Translate

Thursday, July 24, 2014

Not lol. Loll.

I don't lol. I don't mean laugh out loud - if you know me, you know I do that raucously. I mean I don't write "lol" to signify I am laughing out loud. I am nearly 57 and it isn't becoming. I would have cringed had my mother said "far out" as an exclamation in my youth, and no doubt Love Child would cringe at my writing "lol" in social media or anywhere else. (I do write WTF in text messages, but he doesn't usually read my texts, so he is spared embarrassment.)

In any case, I do not lol, but I do loll, as in around. As in lollygag. Summer increases my need to loll, particularly in the sun, and Vermont has only intensified the need this summer, because the air smells so darn good, like green, like cool water. 

Right now, I'm staying in a lovely house with a screened porch, complete with a sun-loving kitten who shows absolutely no guilt about lollygagging. He works hard and fast in the morning, knocking things off the shelves, chewing on my computer, spinning a pen across the floor, licking my breakfast, then curls up in the sun by me and yawns. He is an excellent teacher; now I work hard and fast in the mornings, too, and when the sun starts leaning in through the screens, I curl up and yawn. 

Chemo has given me a very particular justification for lolling. When I feel horrid, I need to focus on something to both remember and look forward to, and on the scale of great things to remember and look forward to, lolling in the sun in Vermont ranks in the nosebleed level of the range, way up there. I'm grateful for my teacher. 





Thursday, July 17, 2014

If I were you, I wouldn't read much further...

Really, this is just going to be more chemo grumbling; useless venting.

I seem to have reached the point of fed-up a bit short of the point of finished.
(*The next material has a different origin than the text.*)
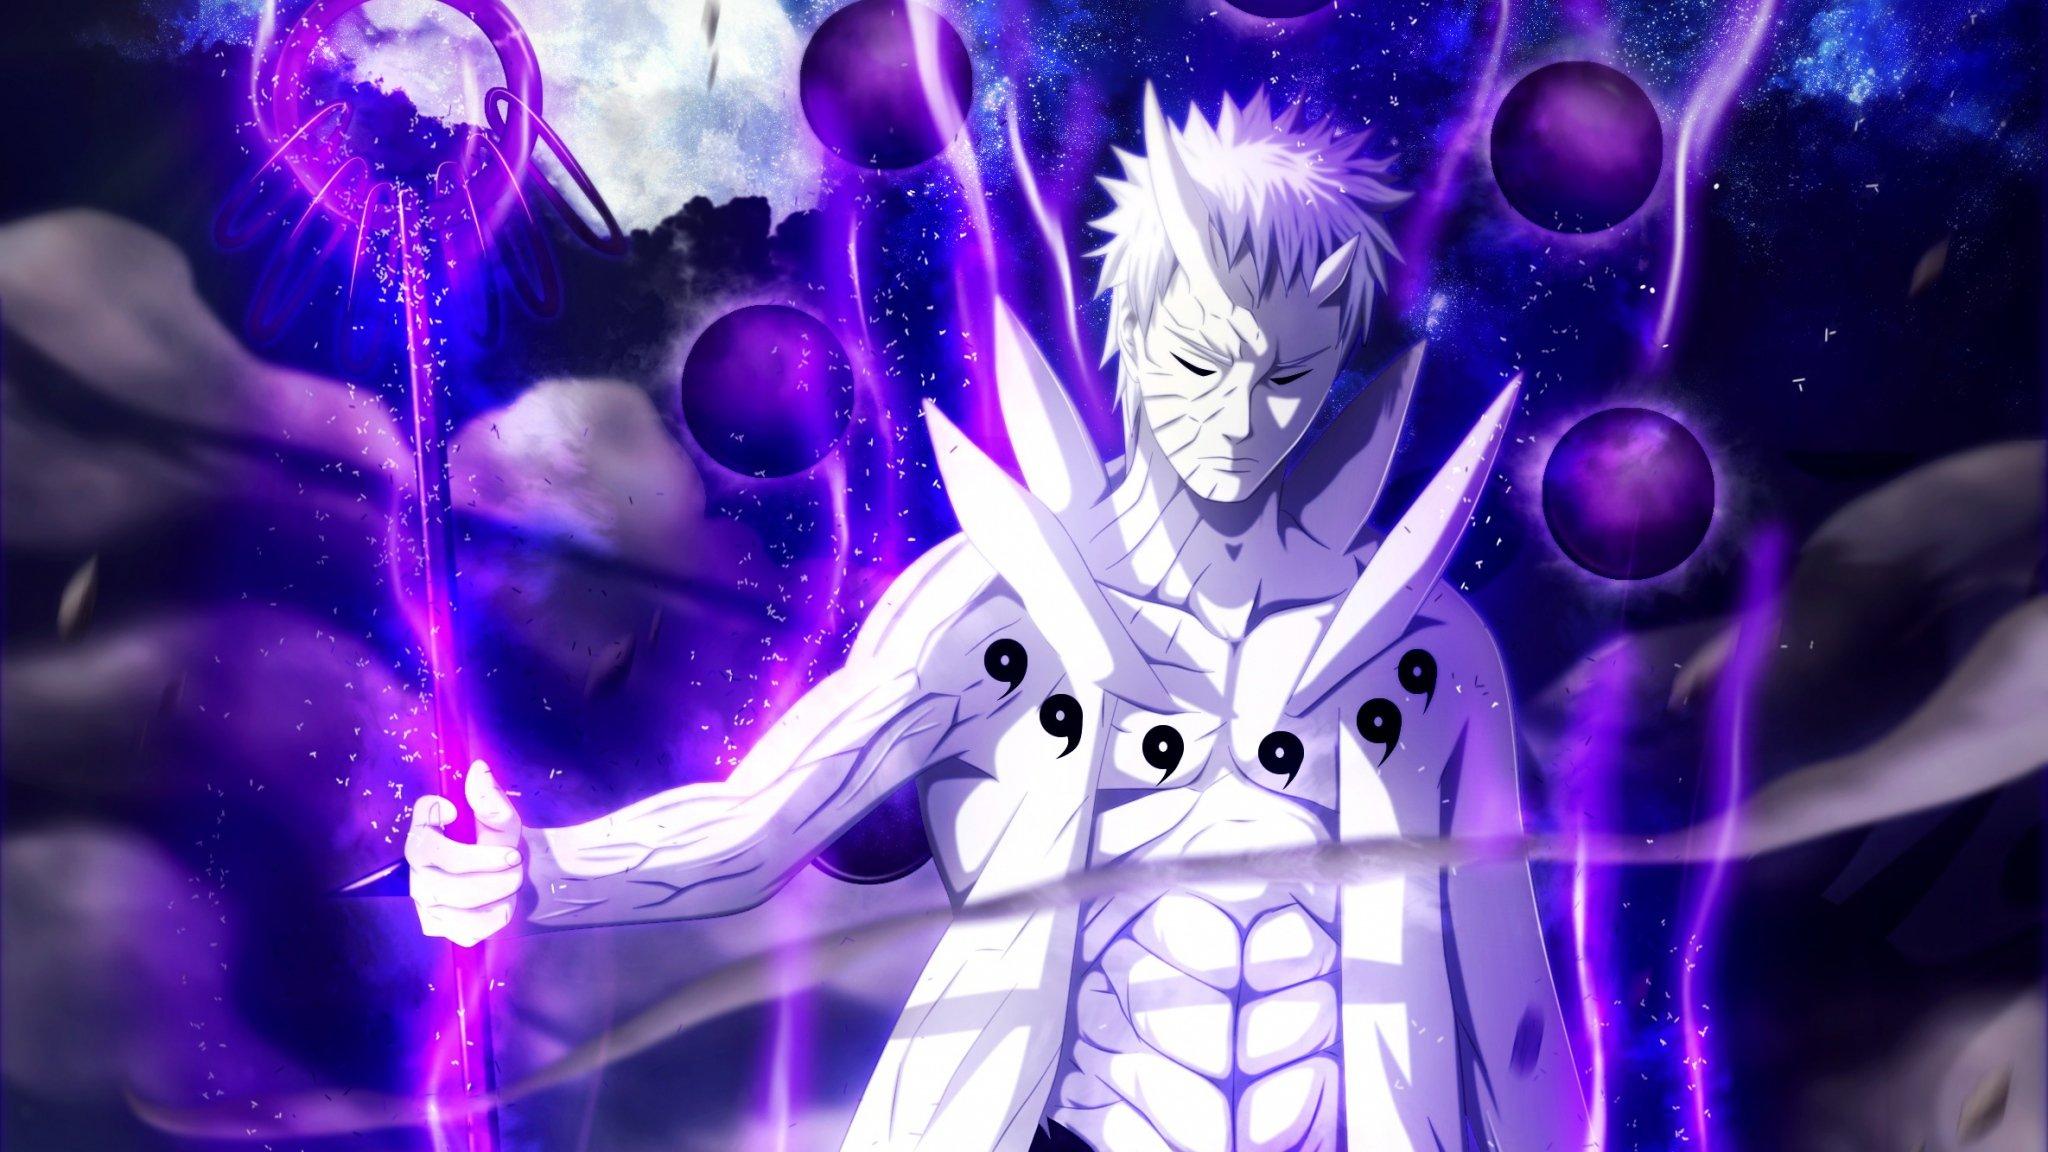 Free Download Download Wallpaper 2048x1152 Kortex Anime

My patience is worn not only thin, but off, like the soles of my favorite Merrells. I've worn through two pairs so far, replacing them when the soles had turned to holes, but for this, I have no idea where to go for replacement.
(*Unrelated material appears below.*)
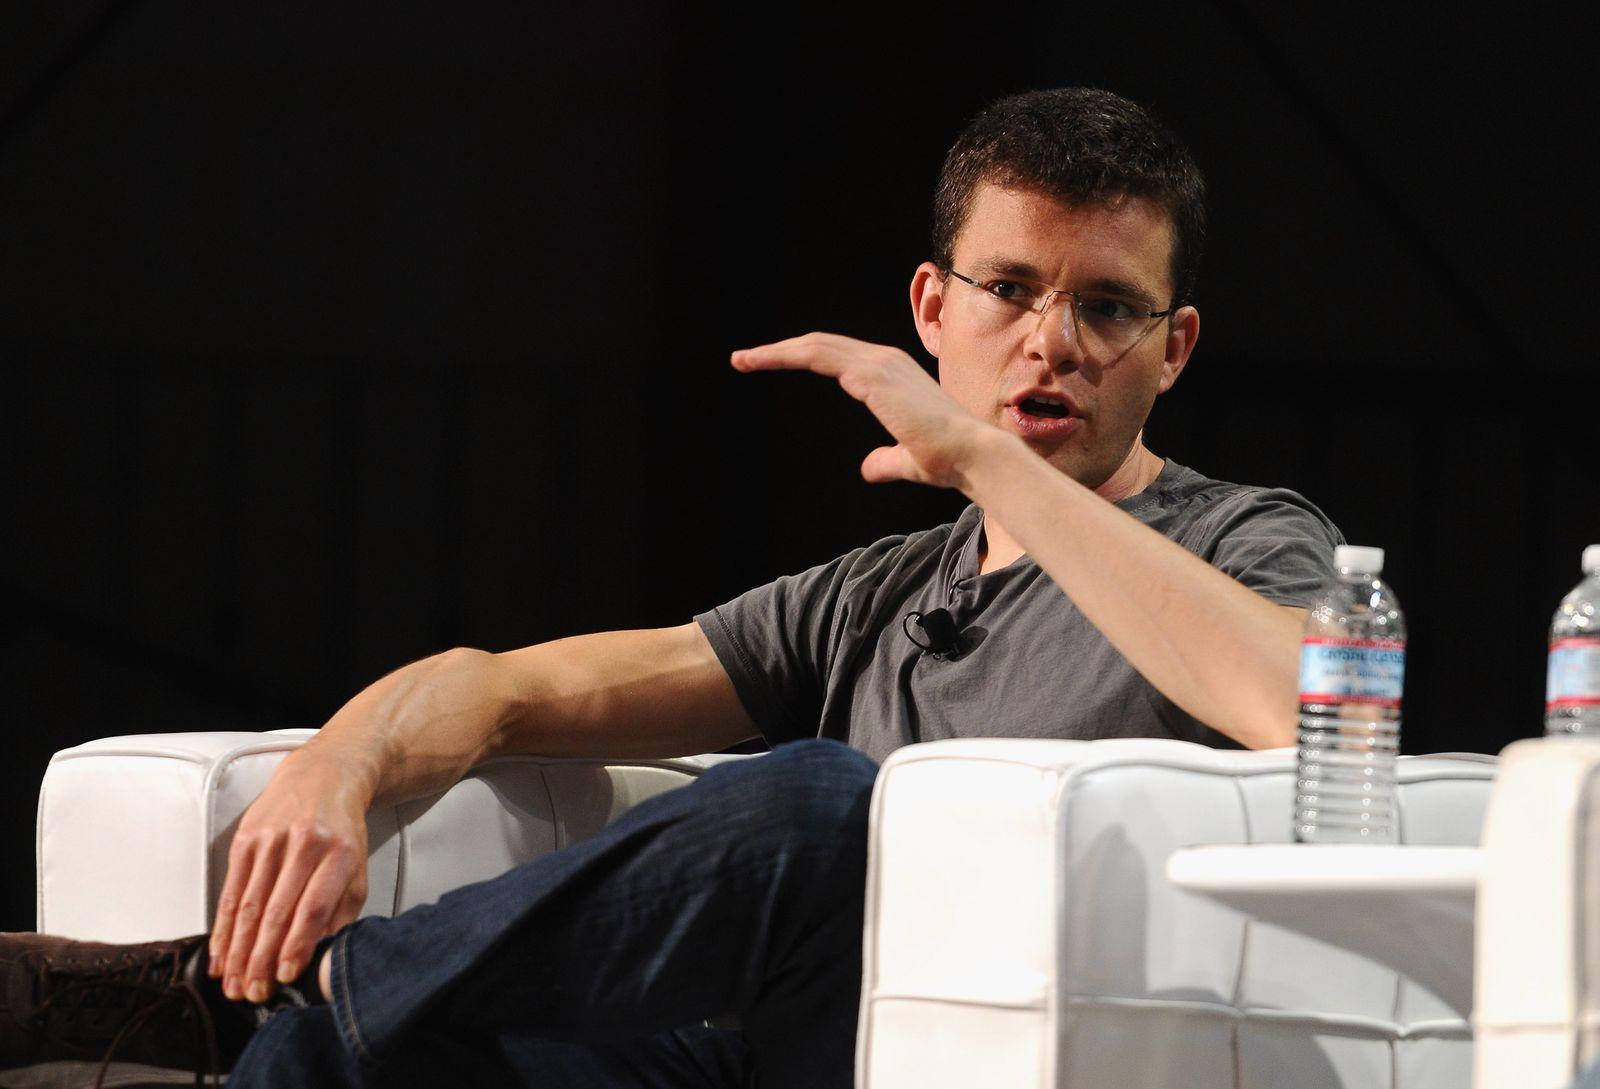 Max Levchin / Yahoo Aufsichtsrat, Paypal Co-Founder

I'd like to stop complaining and catastrophizing, and I'd like my real life back, the one with normal chaos and annoyances, like dog hair and the service light on in the car. I'm weary beyond reckoning of being bone tired, feverish, weak, nauseated, brain-addled, and in pain.

I'd like to once again be a nice person to live with: one who is cheerful, helpful, generous, positive, and cooks good things, instead of someone who runs from the smell of coffee or lettuce (chemo and lettuce: very VERY bad) Who wants to live with a retching wretch? Certainly not me.

So, yes, I understand that I have to do this one more, one last time. July 31. But I don't have to like it.